Nada, agora, pode separá-los do amor de Deus, que está em Cristo Jesus, nosso
Senhor (Rm.8.35-39). Porém, isso não significa que os eleitos nunca mais
pecarão, porque isso certamente irá acontecer (I Jo.1.8-10). Mas como eles
foram regenerados, seu prazer agora não é mais o pecado, mas a santidade (I
Jo.3:6-10). Uma pessoa que viva em pecado e alegue ter sido salva deve ter sua
salvação seriamente questionada. Um cristão pode até cometer um pecado
terrível, porém, esse pecado certamente requererá uma disciplina da parte de
Deus, não com o objetivo de fazê-lo pagar pelo seu pecado, que ja foi pago na
cruz por Cristo, mas com a finalidade de aperfeiçoá-lo, para que seja
participante da santidade de Deus (Hb.12.5-13). Davi foi um exemplo dessa
disciplina de Deus, no caso de Bate-Seba (II Sm.11 e 12).
Em quinto lugar, creio como reformado que o "fim principal
do homem é glorificar a Deus e gozá-lo para sempre", como diz o Breve
Catecismo de Westminster. Logo, um reformado
tenta viver uma vida que glorifique a Deus em todos os aspectos, e entende que
Deus é adorado e glorificado em todas as áreas de sua vida: no trabalho, na
família, na sociedade, no lazer, na igreja, etc. "Quer comais, quer
bebais, ou façais qualquer outra coisa, fazei tudo para a glória de Deus"
(I Co.10.31), como diz o apóstolo Paulo. A busca da glória de Deus e a adoração
cheia de amor que brota do coração de um cristão reformado é a aplicação
prática e conseqüência da doutrina da soberania de Deus. Pode-se perceber isso
no próprio Paulo que, depois de discorrer sobre o assunto da soberania de Deus
dos capítulos 9 a 11 de Romanos, encerra o assunto com adoração: "Ó
profundidade das riquezas, tanto da sabedoria como do conhecimento de Deus!

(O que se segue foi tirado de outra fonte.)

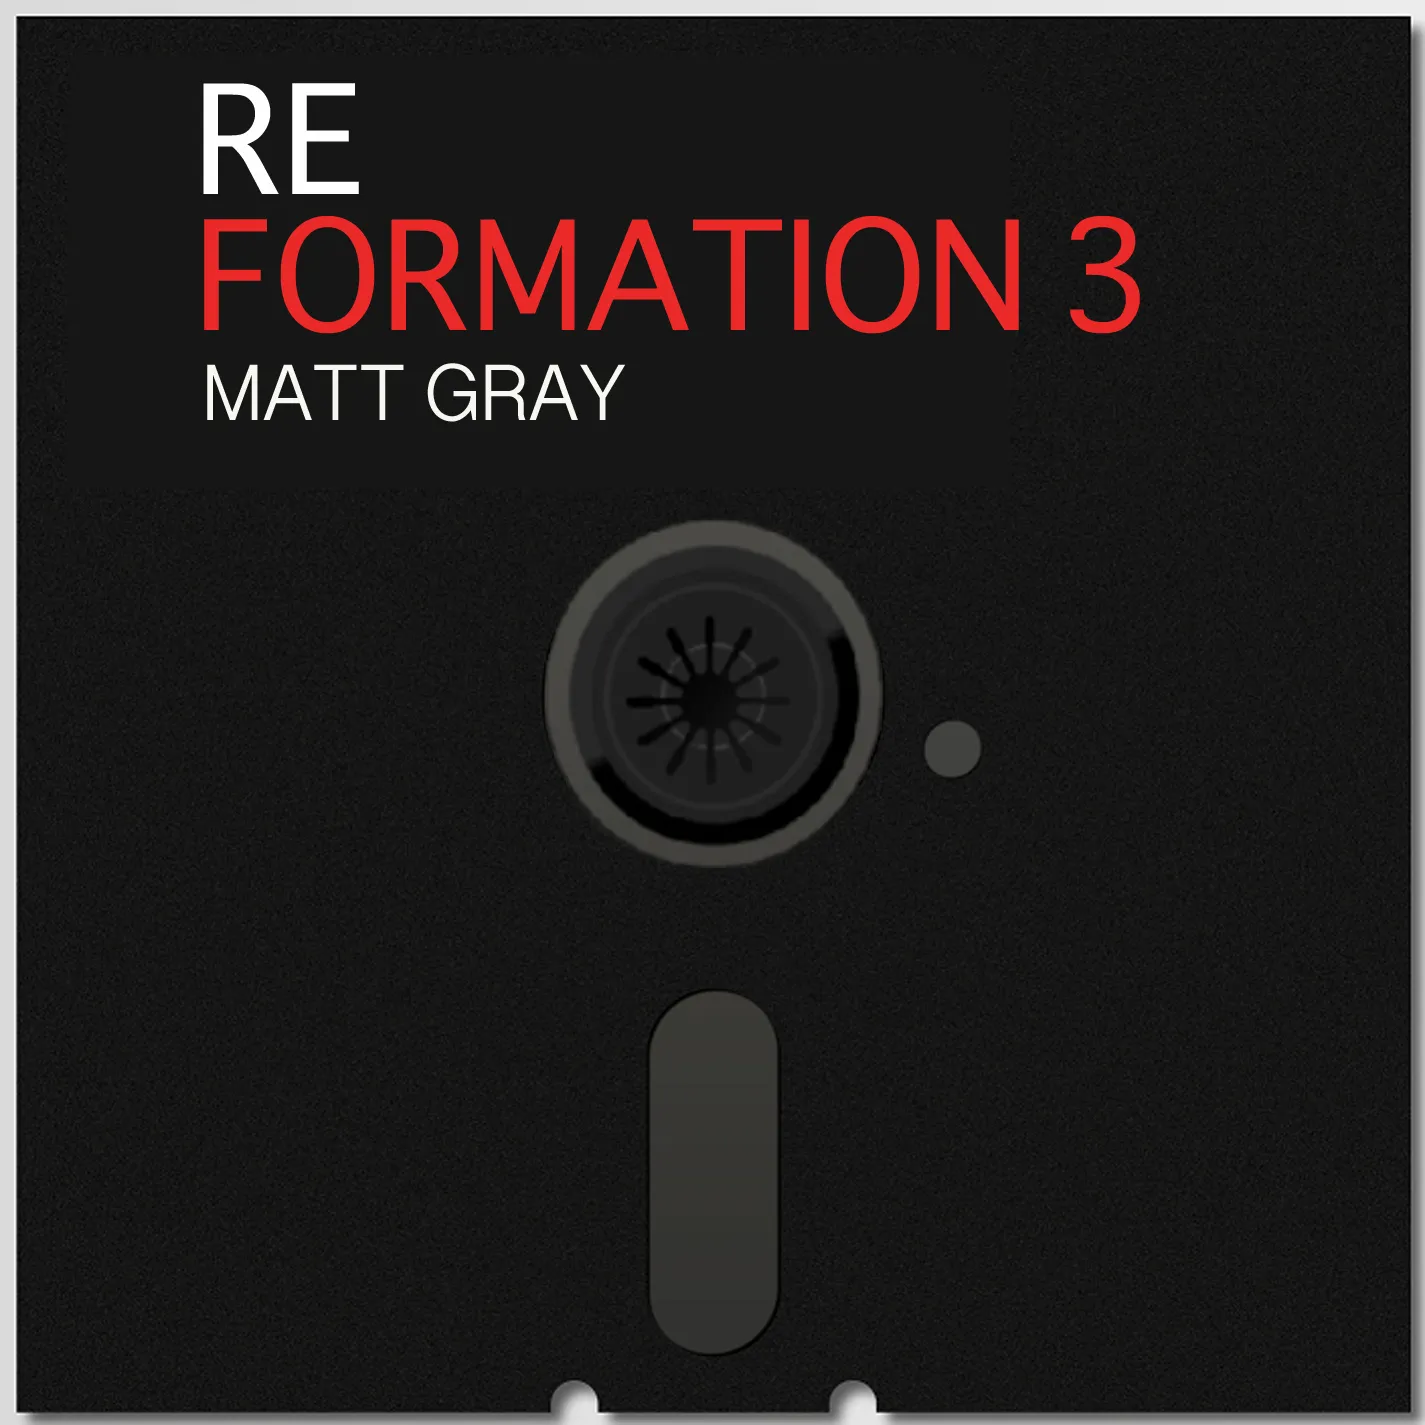 Reformation 3
© (C) 2020 6581 Records

Quão insondáveis são os seus juízos, e quão inescrutáveis os seus caminhos!
Quem, pois, conheceu a mente do Senhor? Ou quem foi o seu conselheiro? Ou quem
deu primeiro a ele, para que lhe venha a ser restituído? Porque dele, por meio
dele, e para ele são todas as coisas. A ele, pois, a glória eternamente.
Amém." (Rm.11.33-36).
Este é
um pequeno resumo do que eu creio como reformado. Digo com segurança e
convicção que essa é a doutrina original dos evangélicos, mas que,
infelizmente, foi abandonada com o tempo. Tenho buscado um retorno ao evangelho
bíblico conforme ensinado pelos reformadores, nossos pais na fé, e creio que
esse é o único caminho para um verdadeiro avivamento na igreja evangélica
moderna. O segredo do avivamento não é inovar, mas olhar para o passado e
restaurar o que se perdeu: "Ponde-vos nos caminhos, e vede, e perguntai
pelas veredas antigas, qual é o bom caminho, e andai por ele; e achareis
descanso para as vossas almas." (Jr.6.16).
Minha
sincera oração é que Deus utilize este artigo para abrir os olhos de muitos
irmãos em Cristo às verdades esquecidas da Palavra de Deus, e que assim,
despertos para o evangelho eterno, possam ter seus corações em chamas por essas
mesmas verdades que custaram o sangue de nossos pais!